1578
LAWS OF MARYLAND
[Ch. 311
(2) MAY NOT INDEMNIFY THE [[DEFENDANT]]
CORPORATE REPRESENTATIVE IN RESPECT OF ANY CLAIM, ISSUE,
OR MATTER AS TO WHICH THE [[DEFENDANT]] CORPORATE
REPRESENTATIVE HAS ADJUDGED LIABLE FOR NEGLIGENCE OR
MISCONDUCT IN PERFORMING HIS DUTY TO THE CORPORATION,
EXCEPT TO THE EXTENT THAT THE COURT IN WHICH THE
PROCEEDING WAS BROUGHT OR ANY OTHER COURT OF EQUITY
[[HAVING JURISDICTION]] IN THE COUNTY WHERE THE
CORPORATION HAS ITS PRINCIPAL OFFICE DETERMINES ON
APPLICATION THAT, DESPITE THE ADJUDICATION OF LIABILITY
BUT IN VIEW OF ALL CIRCUMSTANCES OF THE CASE, THE
[[DEFENDANT]] CORPORATE REPRESENTATIVE IS FAIRLY AND
REASONABLY ENTITLED TO INDEMNITY FOR THOSE EXPENSES
WHICH THE COURT CONSIDERS PROPER.
(D) REQUIRED INDEMNIFICATION AGAINST EXPENSES
INCURRED IN SUCCESSFUL DEFENSE.
UNLESS THE CHARTER OF A CORPORATION EXPRESSLY
PROVIDES OTHERWISE, TO THE EXTENT THAT A [[DEFENDANT]]

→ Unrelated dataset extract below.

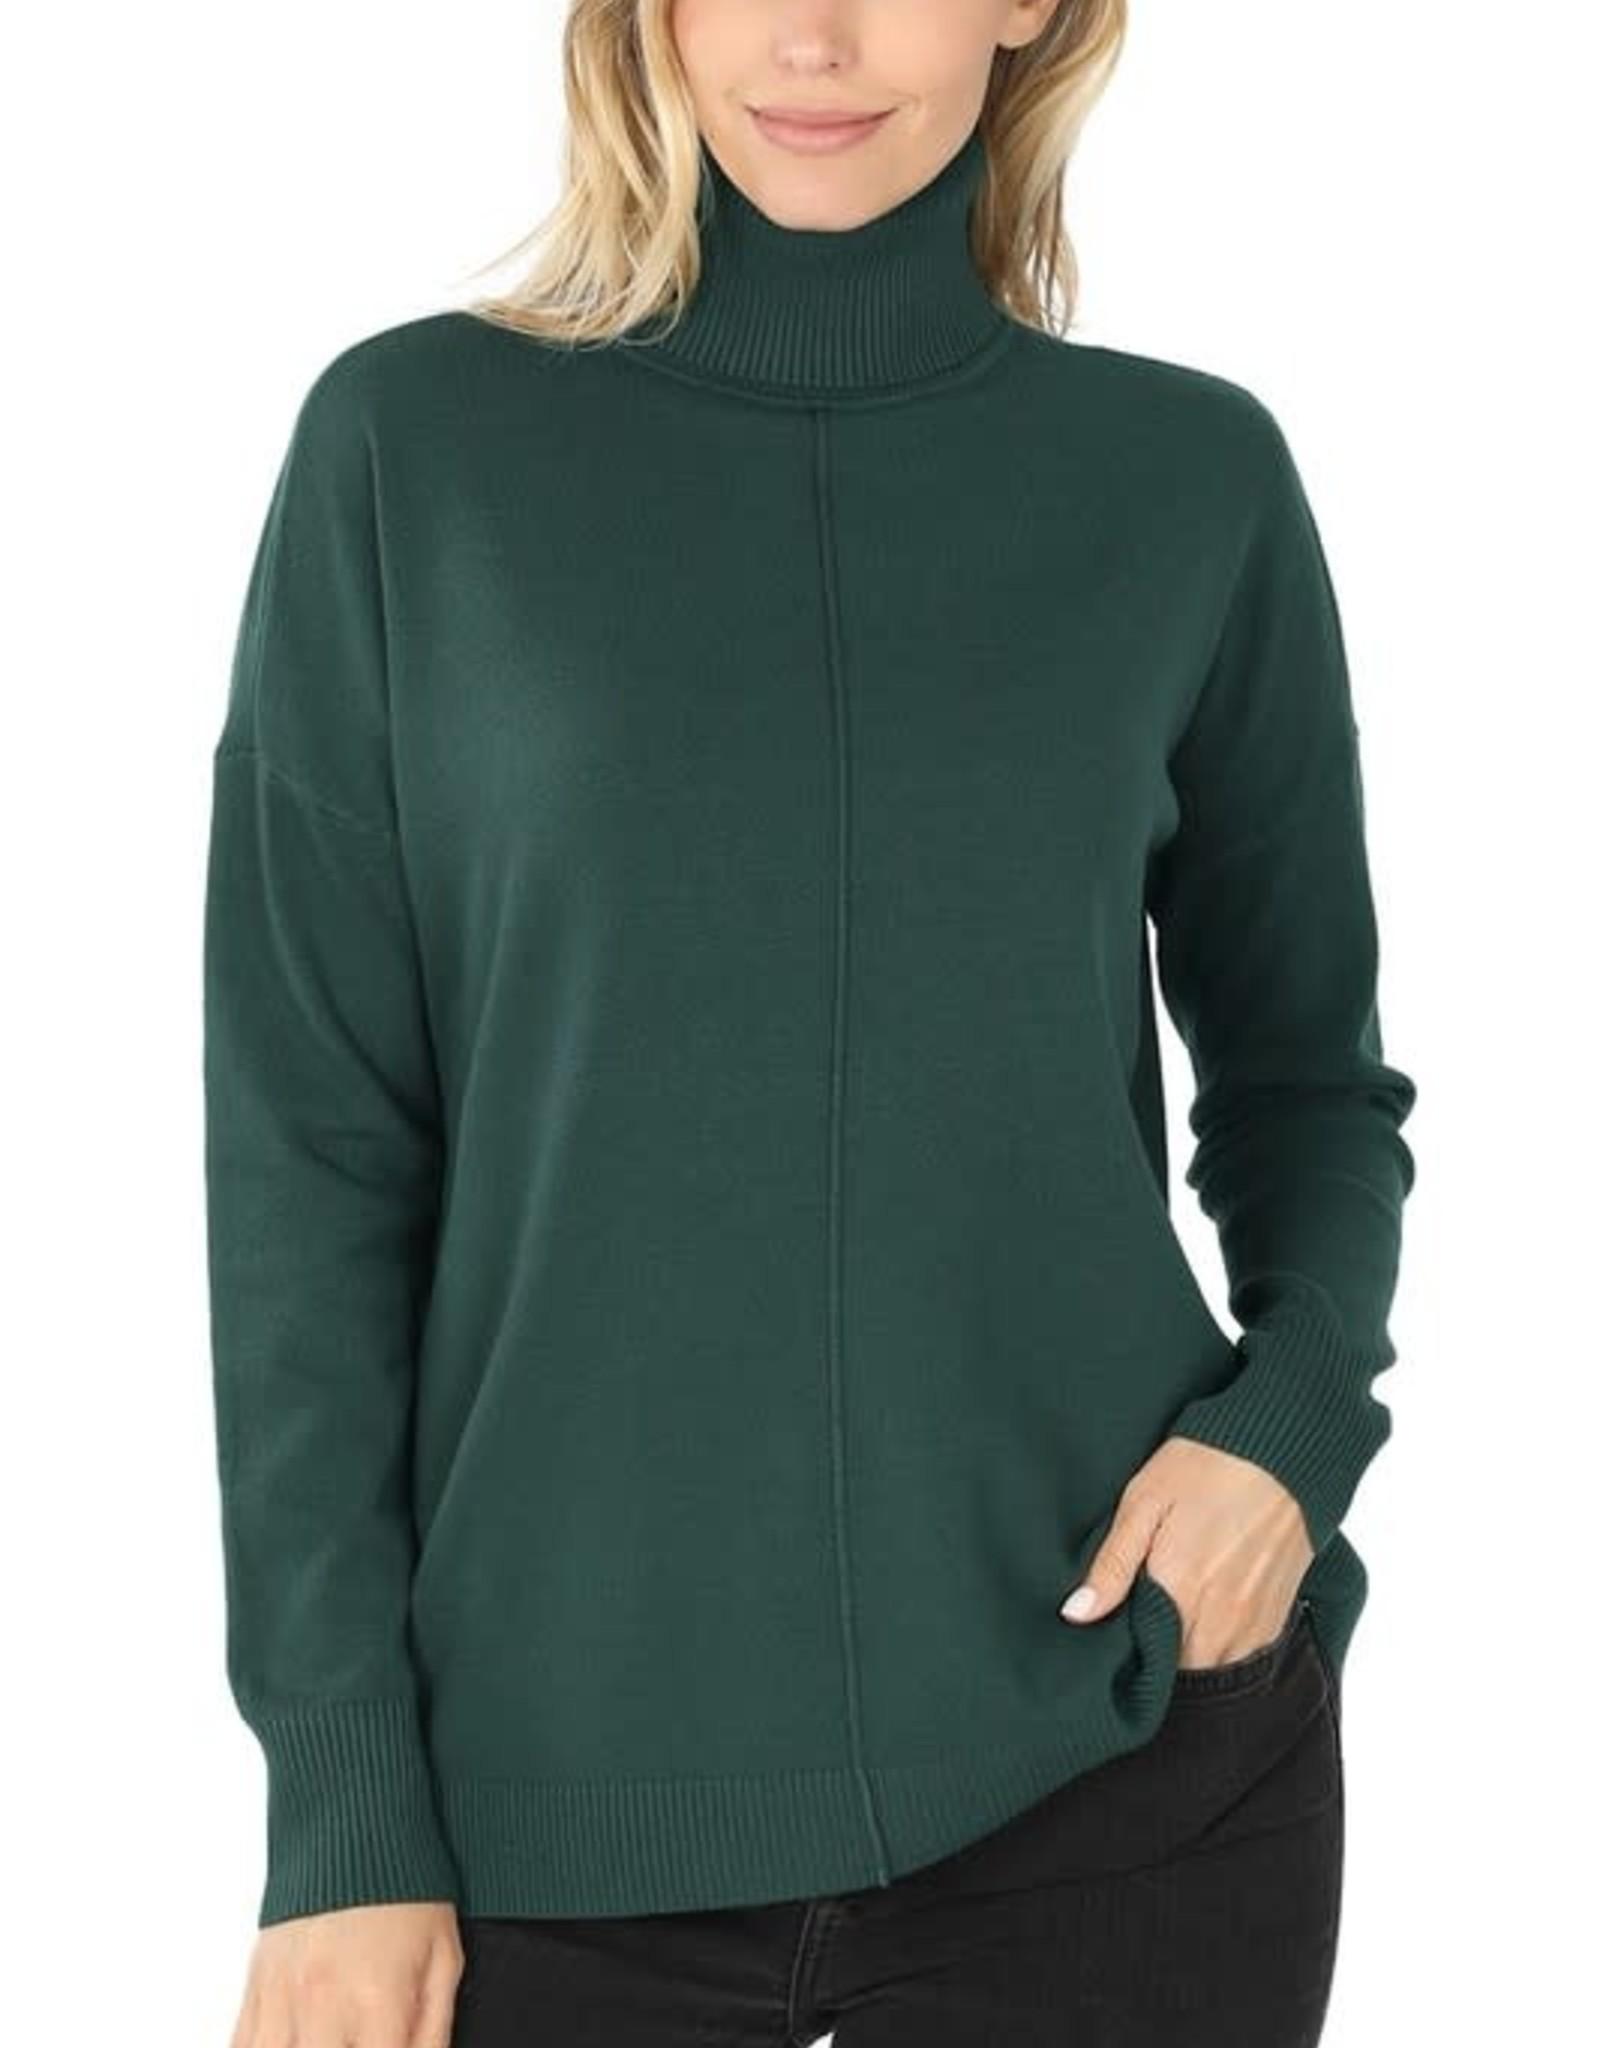 - Hunter Green Hi-Low Center Seam Turtleneck Sweater

CORPORATE REPRESENTATIVE SUCCESSFULLY DEFENDS ON THE
MERITS OR OTHERWISE ANY PROCEEDING REFERRED TO IN
SUBSECTIONS (B) OR (C) OF THIS SECTION OR ANY CLAIM,
ISSUE, OR MATTER RAISED IN THE PROCEEDING, THE
CORPORATION SHALL INDEMNIFY HIM AGAINST EXPENSES,
INCLUDING ATTORNEYS' FEES, ACTUALLY AND REASONABLY
INCURRED BY HIM [[WITH RESPECT TO]] IN CONNECTION WITH
THE PROCEEDING.
(E) DETERMINATION THAT INDEMNIFICATION IS PROPER.

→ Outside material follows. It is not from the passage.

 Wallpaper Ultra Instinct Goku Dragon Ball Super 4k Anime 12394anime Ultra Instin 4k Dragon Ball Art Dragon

(1) UNLESS A COURT ORDERS OTHERWISE, ANY
INDEMNIFICATION UNDER SUBSECTIONS (B) OR (C) OF THIS
SECTION MAY BE MADE BY THE CORPORATION ONLY AS AUTHORIZED
IN THE SPECIFIC CASE AFTER A DETERMINATION THAT
INDEMNIFICATION OF THE [[DEFENDANT]] CORPORATE
REPRESENTATIVE IS PROPER IN THE CIRCUMSTANCES BECAUSE HE
HAS MET THE APPLICABLE STANDARD OF CONDUCT SET FORTH IN
SUBSECTIONS (B) OR (C).
(2) THE DETERMINATION SHALL BE MADE:
(I) BY [[A MAJORITY OF A QUORUM OF]] THE
BOARD OF DIRECTORS , BY A MAJORITY VOTE OF A QUORUM WHICH
CONSISTS OF DIRECTORS WHO WERE NOT PARTIES TO THE
PROCEEDING; OR
(II) IF THE REQUIRED QUORUM IS NOT
OBTAINABLE OR IF A QUORUM OF DISINTERESTED DIRECTORS SO
DIRECTS, BY INDEPENDENT LEGAL COUNSEL IN A WRITTEN
OPINION; OR
(III) BY THE STOCKHOLDERS IN ACCORDANCE WITH
THE CHARTER AND BYLAWS OF THE CORPORATION.